The benefit of a metadata layer, allowing arbitrary developer keys and fields like "customer_id" or "job-id" seem obvious. Sublistings and batch deletions then become possible. Structured or generated metadata such as expiration_dateproject_id would allow query-like operations and deletions.
Good points, this really needs good file management utilities and structure to circumvent the nightmare scenarios these badly needed features introduce. Otherwise I’m loving it …
Note. All of my assistants just automatically flipped to v2 and it caused a jump in token usage by 10x. Just one of my prompts ate up 107,000 Context tokens. Need help in understanding why this happened. I was about to launch publicly yesterday, however now i have major concerns that could use use help.
The number of past conversational turns you now can somewhat control, but not the length of the knowledge injection or the number of internal times the AI may invoke its functions - nor the number of times the AI invokes the wrong functions or writes bad function language and gets errors.

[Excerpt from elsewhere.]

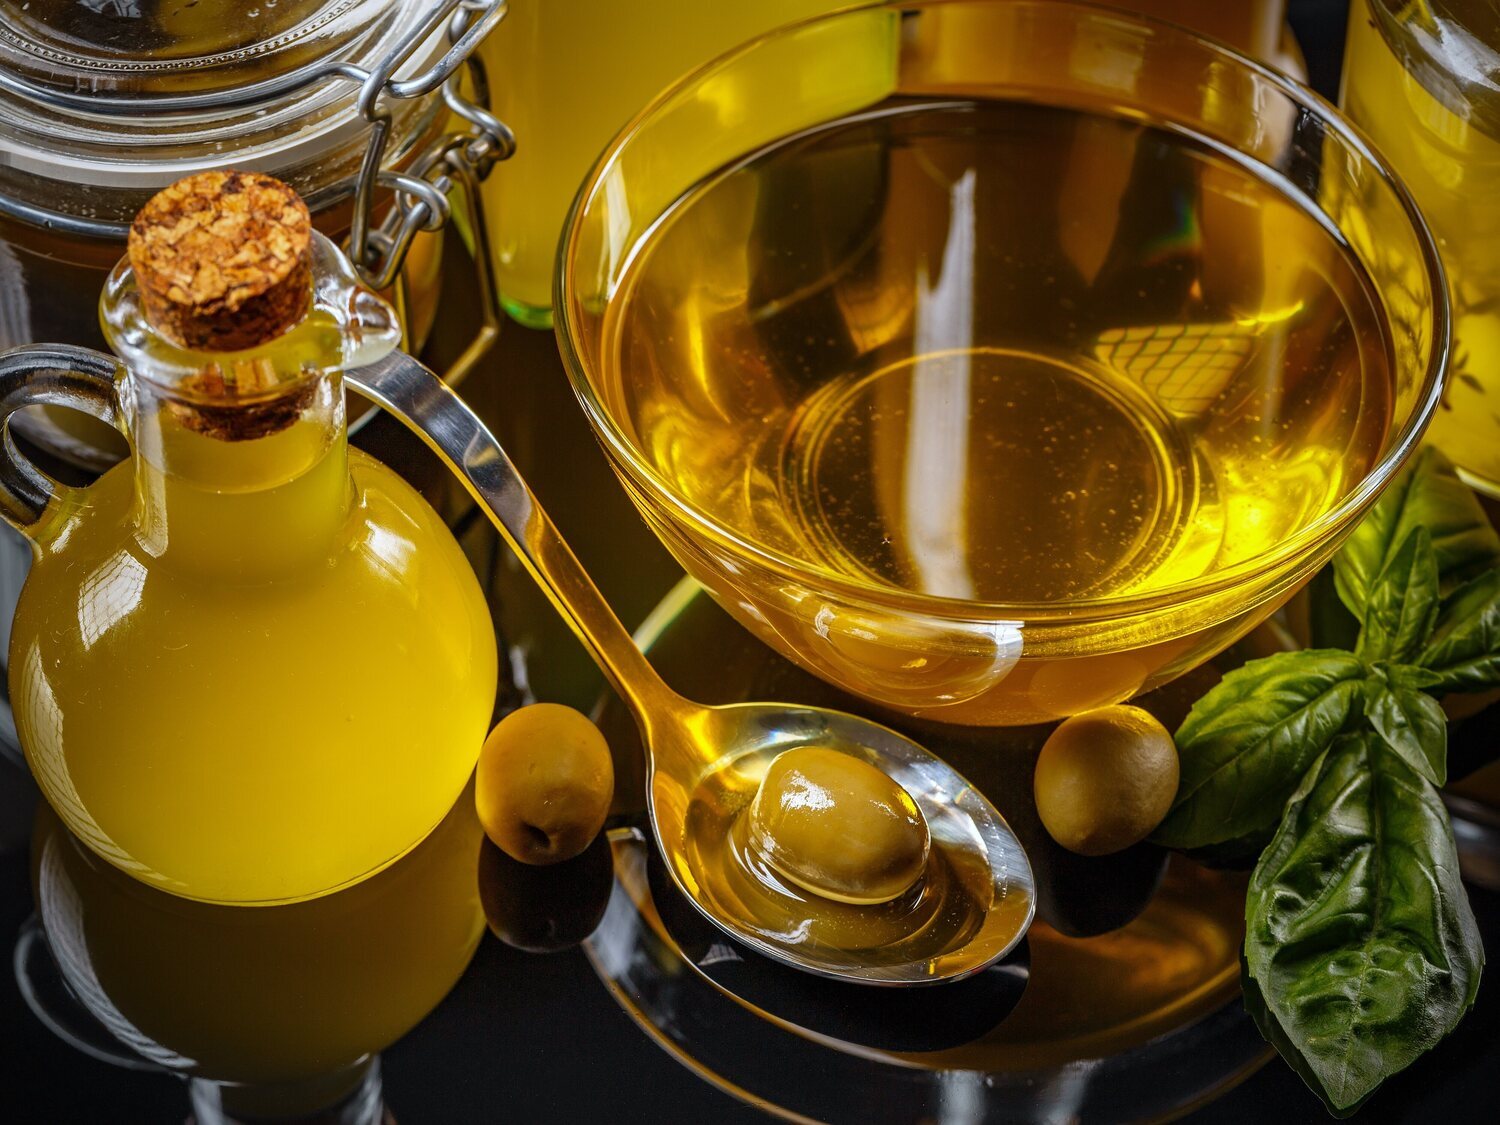 Un productor advierte del precio que puede tener el aceite de oliva en las próxima semanas

For knowledge on file search, the AI, with all the instructions, tool specifications, past chat, user input, listings of mount files, etc, must make a minimum of one response not to you, but to its internal function for file search. What usefulness the search will return is a mystery to the AI without your tedious instructions.
OpenAI doesn’t state if the v2 AI is also preloaded with arbitrary file text, which is how v1 worked besides its searching functions directly on files.
The vector database is 800 token chunks, and they say 400 tokens of overlap, which if read one way may mean actually 1600 token chunks. Up to 20 are added to a conversation thread. That’s 1600 x 20 = 32k tokens of vector return possible.
If the AI doesn’t like what it got and/or calls a function again, the prior tool call and response is also part of the reused input context for another tool call.
You “delegate” this use of your budget while you wait for a response when using assistants.